Opening up the salary cap space for Washington to complete yesterday's signings were tackle Chris Samuels and linebacker Jeremiah Trotter, who agreed to restructure the majority of their compensation this year, sources said. That allowed the Redskins to prorate the impact of those costs for cap purposes.
Samuels alone saved the club nearly $3.7million of space by restructuring most of his salary and all of a $1million roster bonus and $400,000 workout bonus. Trotter added more than $800,000 of room by redoing his deal. The moves meant Washington did not have to make any cuts, though guards Rod Jones and Brenden Stai remain vulnerable.
A key element in all of Washington's signings so far has been age; none of the players is older than 28. Hall, who turns 29 in a little over two weeks, would be the oldest newcomer if he signs.

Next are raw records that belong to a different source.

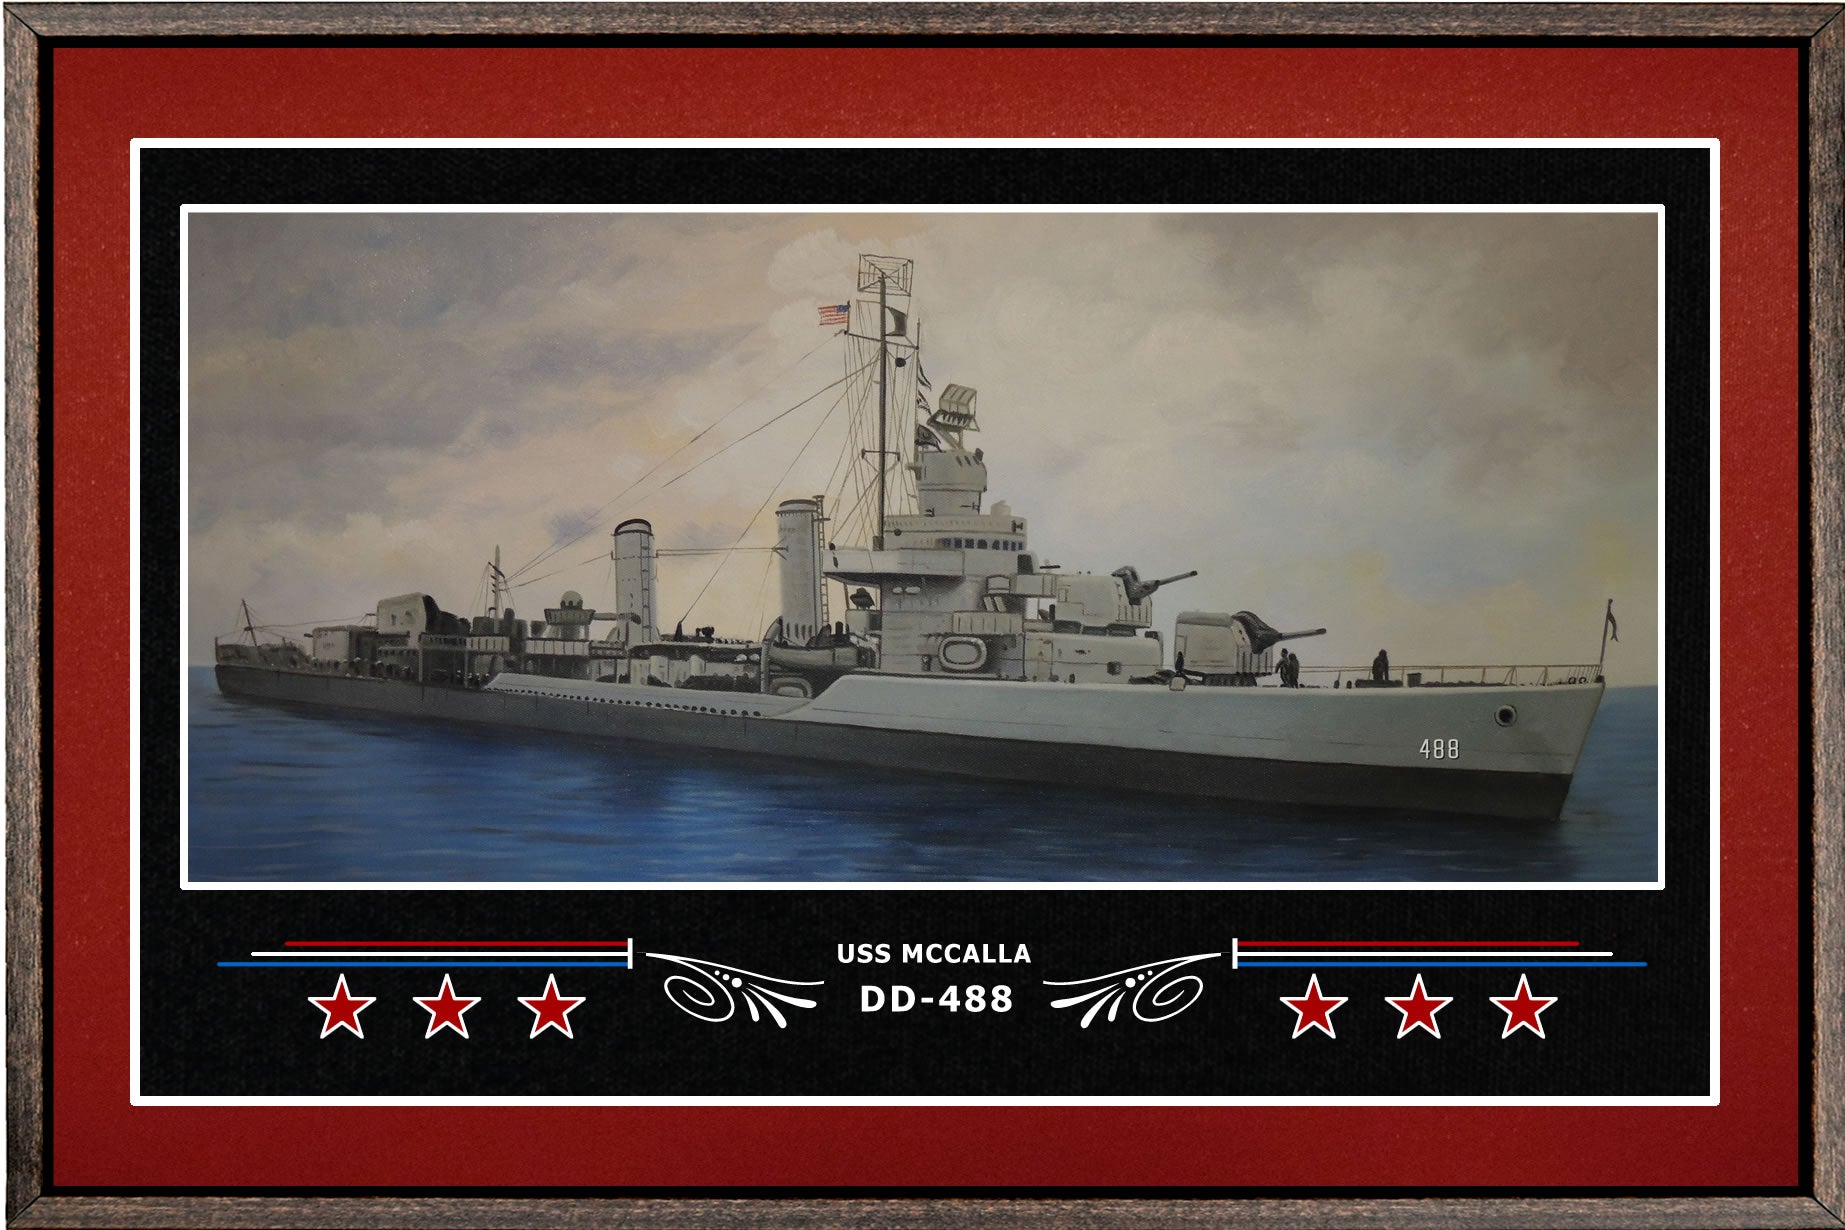 USS MCCALLA DD 488 BOX FRAMED CANVAS ART BURGUNDY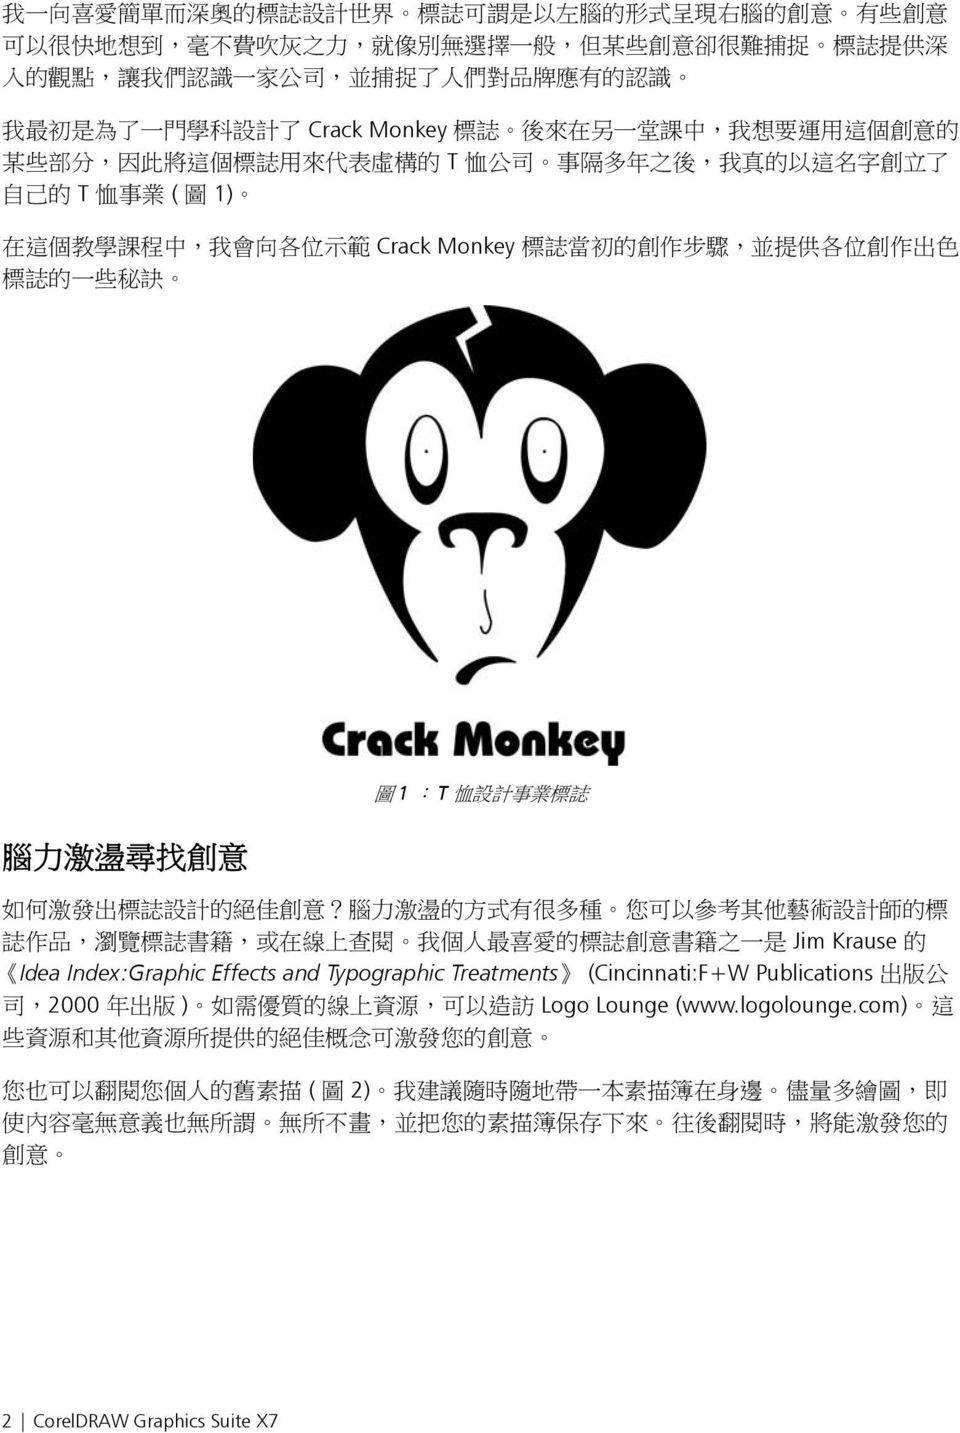 學 課 程 中, 我 會 向 各 位 示 範 Crack Monkey 標 誌 當 初 的 創 作 步 驟, 並 提 供 各 位 創 作 出 色 標 誌 的 一 些 秘 訣 腦 力 激 盪 尋 找 創 意 圖 1.. T 恤 設 計 事 業 標 誌 如 何 激 發 出 標 誌 設 計 的 絕 佳 創 意?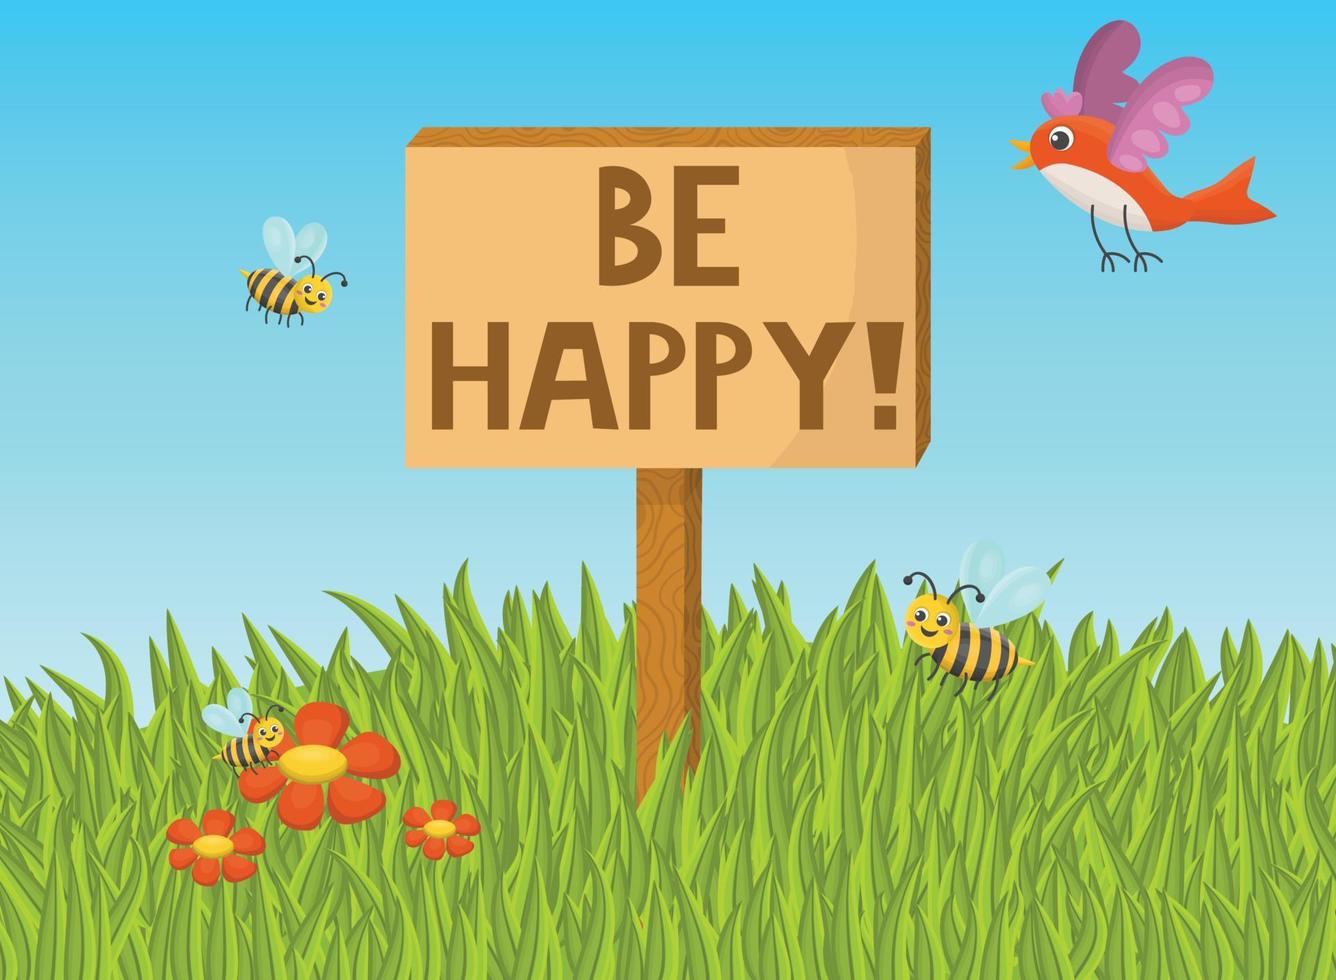 affiche de motivation avec le slogan soyez heureux sur un panneau d'affichage en bois. bonne journée d'été ensoleillée. oiseau, abeilles, prairie, herbe et fleurs de marguerite rouge. vecteur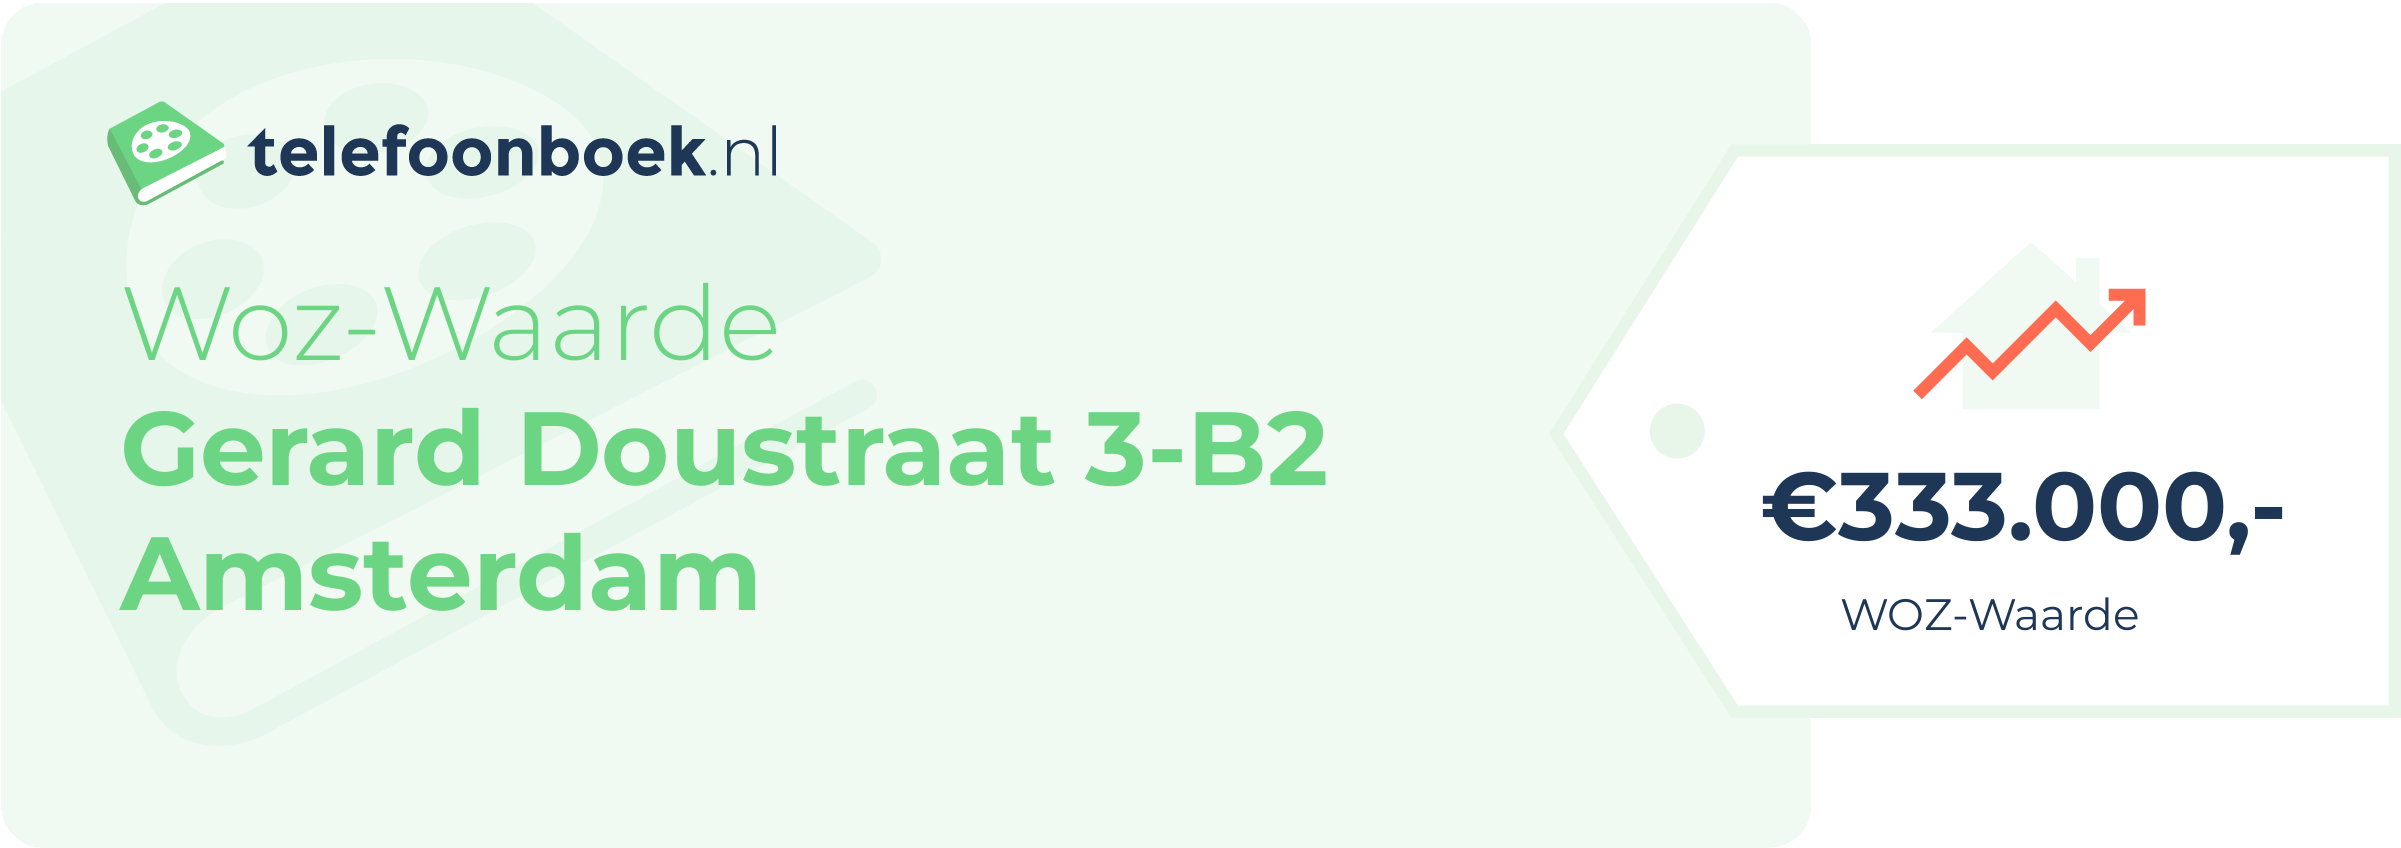 WOZ-waarde Gerard Doustraat 3-B2 Amsterdam

The Redskins like Hall for a number of reasons, including his strong leg (unlike a number of free agents, he can kick off as well as do field goals) and experience at Giants Stadium, one of the toughest places in the league to kick. Hall said last night that "there's a few teams interested" but that he had no other visits set up.
Upshaw, 27, is expected to provide a consistent pass rush on the right side without giving up anything against the run. Smith, who turns 40 in June, picked up nine sacks last year but wasn't effective as a run stopper. Defensive coordinator George Edwards didn't hesitate to say that Upshaw is now the starter.
Smith gave indications at the Super Bowl that he plans to play for another year, but whether he is willing to be a reserve behind Upshaw is unclear.
The Redskins, meanwhile, don't appear as likely to cut Smith now as they did at season's end. Defensive coordinator Marvin Lewis, who sources said would have held Smith to a high standard, is gone, and Smith enjoys a close relationship with Snyder. Plus, Smith is scheduled to be paid the minimum for a player of his experience ($755,000).
"[Smiths situation] is still undecided at this point in time," Edwards said. "Hopefully, we'll still have Bruce and have a role for him. He's contemplating some things, and we're contemplating some things. We'll see how it materializes."
Upshaw's trademark is emotion both the good and bad aspects of it. The former first-round pick (1996 by Tampa Bay) can rally his teammates and whip past opposing blockers, but he also once spit in an opposing player's face and draws more than his share of penalties.
"I play aggressive," Upshaw said. "When I go out there on the field, I'm trying to knock the guy out in front of me. Either he's going to knock me out, or I'm going to knock him out. That's how I play. And sometimes people take that aggressiveness and think it's something it's not."
Noble, 28, is far more understated, almost a reminder of departed Redskins center Cory Raymer in his looks and demeanor. His 41 NFL starts haven't made many highlight films, but his comfort over center will allow his fellow defensive tackle to play exclusively over guard something tackles like because it can lead to more sacks and big plays.
Last year, by contrast, Redskins defensive tackles stuck to certain sides of the center, and one would slide into the "nose" depending on the formation.
"I'm obviously not a real flashy athlete," Noble said. "I'm not going to run a 4.2 [in the 40-yard dash] or jump out of a building. But I'll go out there and hold up a double-team all day long."
The Redskins did lose one player who they expected to sign as recently as last week. Defensive lineman Carl Powell, a valuable reserve at end and tackle last season, signed a two-year deal worth nearly $2million with Cincinnati. His signing bonus of $500,000 was about $50,000 more than Washington was offering, but more important was the Bengals' apparent intention of slotting him as the starting left end.